With A == [Ax, Ay], etc, and a point P == [Px,Py] for certain u,v, the first step is indeed to subtract A from B, C, D and P, effectively placing A at the origin, i.e, Ax == Ay == 0, just like you do.
Then, you obtain P from u and v as
Px == u*(1 - v)*Bx + (1 - u)*v*Cx + u*v*Dx;
Py == u*(1 - v)*By + (1 - u)*v*Cy + u*v*Dy;
in standard degree 1 Bezier patch notation.
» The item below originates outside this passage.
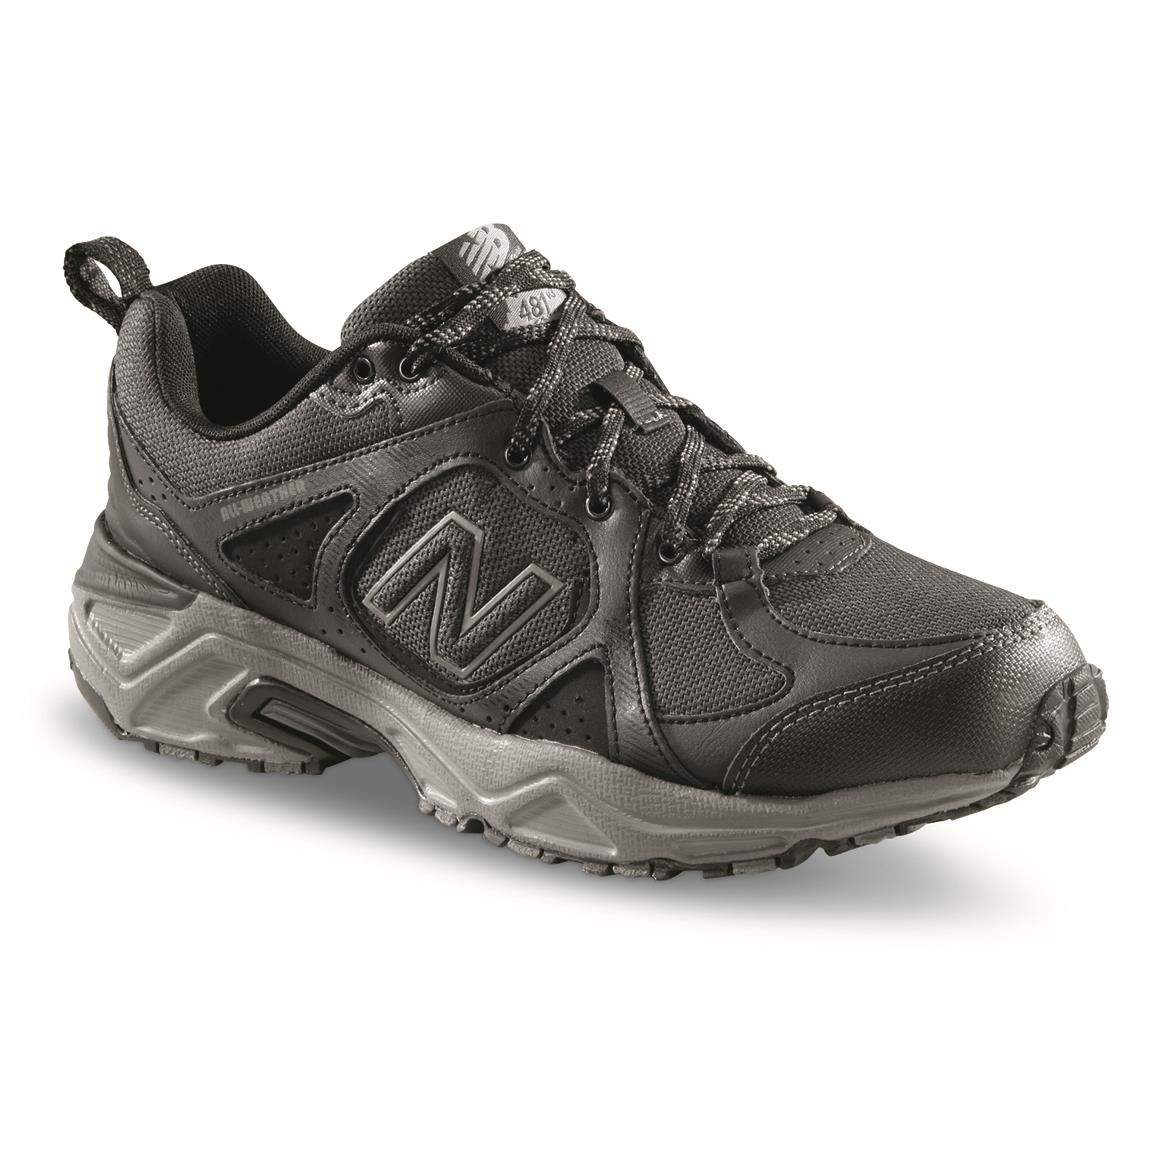 New Balance Men's 481v3 Water Resistant Trail Shoes, Black

The last term includes u*v, which complicates solving for u and v; the solution is indeed nonlinear in Px and Py.
You get
syms Bx By Cx Cy Dx Dy Px Py u v
[solu, solv] = solve([u*(1 - v)*Bx + (1 - u)*v*Cx + u*v*Dx - Px == 0,
u*(1 - v)*By + (1 - u)*v*Cy + u*v*Dy - Py == 0], [u, v])
which you can simplify using the 2D cross product, if you want, like
cross2D = @(AA,BB) AA(1)*BB(2) - AA(2)*BB(1);
syms B C D P
B = [Bx,By];
C = [Cx,Cy];
D = [Dx,Dy];
P = [Px,Py];
% and so on
and then e.g.
syms sigma_2
sigma_2 = 2 * cross2D(C,D-B)
Such cross product are abundant in the solution.
You can then use these results to write a general function uv_from_P(A, B, C, D, P)